[Collected data entries]
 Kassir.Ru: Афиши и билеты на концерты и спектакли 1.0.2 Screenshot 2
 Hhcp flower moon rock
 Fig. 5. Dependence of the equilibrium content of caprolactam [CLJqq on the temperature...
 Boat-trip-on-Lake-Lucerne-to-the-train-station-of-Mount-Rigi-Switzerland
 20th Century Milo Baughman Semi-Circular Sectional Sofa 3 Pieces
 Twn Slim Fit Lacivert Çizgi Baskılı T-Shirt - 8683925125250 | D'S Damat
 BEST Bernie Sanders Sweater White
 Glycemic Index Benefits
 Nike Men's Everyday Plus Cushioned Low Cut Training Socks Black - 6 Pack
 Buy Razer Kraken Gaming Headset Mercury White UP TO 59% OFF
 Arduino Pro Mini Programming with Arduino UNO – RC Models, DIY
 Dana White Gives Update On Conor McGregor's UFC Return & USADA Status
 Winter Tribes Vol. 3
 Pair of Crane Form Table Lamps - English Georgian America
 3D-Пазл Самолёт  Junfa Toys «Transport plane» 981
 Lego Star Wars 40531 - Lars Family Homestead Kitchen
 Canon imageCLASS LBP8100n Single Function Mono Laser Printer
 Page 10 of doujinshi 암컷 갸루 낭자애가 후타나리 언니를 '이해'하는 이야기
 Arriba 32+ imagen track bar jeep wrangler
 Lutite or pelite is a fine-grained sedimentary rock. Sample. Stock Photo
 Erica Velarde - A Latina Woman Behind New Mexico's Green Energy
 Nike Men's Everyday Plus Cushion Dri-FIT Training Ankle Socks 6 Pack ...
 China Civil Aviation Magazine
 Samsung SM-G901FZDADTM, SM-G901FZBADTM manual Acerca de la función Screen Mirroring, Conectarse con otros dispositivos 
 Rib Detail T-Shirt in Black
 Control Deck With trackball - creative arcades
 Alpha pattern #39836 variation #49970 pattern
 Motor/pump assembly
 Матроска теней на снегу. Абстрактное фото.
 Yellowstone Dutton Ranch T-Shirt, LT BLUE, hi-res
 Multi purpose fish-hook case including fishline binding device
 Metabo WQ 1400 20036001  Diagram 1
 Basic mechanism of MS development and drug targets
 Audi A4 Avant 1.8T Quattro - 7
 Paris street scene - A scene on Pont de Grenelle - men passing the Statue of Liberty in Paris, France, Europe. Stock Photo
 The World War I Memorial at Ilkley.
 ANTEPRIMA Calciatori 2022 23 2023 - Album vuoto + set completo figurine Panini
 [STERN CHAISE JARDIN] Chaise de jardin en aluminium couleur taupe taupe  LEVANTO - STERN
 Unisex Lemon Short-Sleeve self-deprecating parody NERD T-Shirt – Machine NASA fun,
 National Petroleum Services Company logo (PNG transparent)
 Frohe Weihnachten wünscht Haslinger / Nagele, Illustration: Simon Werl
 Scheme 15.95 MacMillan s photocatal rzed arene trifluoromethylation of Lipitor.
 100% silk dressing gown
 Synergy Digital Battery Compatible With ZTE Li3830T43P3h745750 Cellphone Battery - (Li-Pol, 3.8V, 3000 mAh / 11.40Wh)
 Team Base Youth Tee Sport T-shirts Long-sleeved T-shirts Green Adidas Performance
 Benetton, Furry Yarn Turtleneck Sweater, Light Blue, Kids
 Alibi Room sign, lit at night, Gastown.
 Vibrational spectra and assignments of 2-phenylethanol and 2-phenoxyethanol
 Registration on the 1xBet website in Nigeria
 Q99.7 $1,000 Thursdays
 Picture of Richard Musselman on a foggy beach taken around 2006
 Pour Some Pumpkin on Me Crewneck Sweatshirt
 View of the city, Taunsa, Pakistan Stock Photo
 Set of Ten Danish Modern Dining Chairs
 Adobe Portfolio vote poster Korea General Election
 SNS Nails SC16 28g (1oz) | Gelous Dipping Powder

▸ Task to carry out: Print only these lines, please. They run from the start of the entries above to the line containing "Nike Men's Everyday Plus Cushioned", both ends included, and must match exactly.

▸ The completed task:
 Kassir.Ru: Афиши и билеты на концерты и спектакли 1.0.2 Screenshot 2
 Hhcp flower moon rock
 Fig. 5. Dependence of the equilibrium content of caprolactam [CLJqq on the temperature...
 Boat-trip-on-Lake-Lucerne-to-the-train-station-of-Mount-Rigi-Switzerland
 20th Century Milo Baughman Semi-Circular Sectional Sofa 3 Pieces
 Twn Slim Fit Lacivert Çizgi Baskılı T-Shirt - 8683925125250 | D'S Damat
 BEST Bernie Sanders Sweater White
 Glycemic Index Benefits
 Nike Men's Everyday Plus Cushioned Low Cut Training Socks Black - 6 Pack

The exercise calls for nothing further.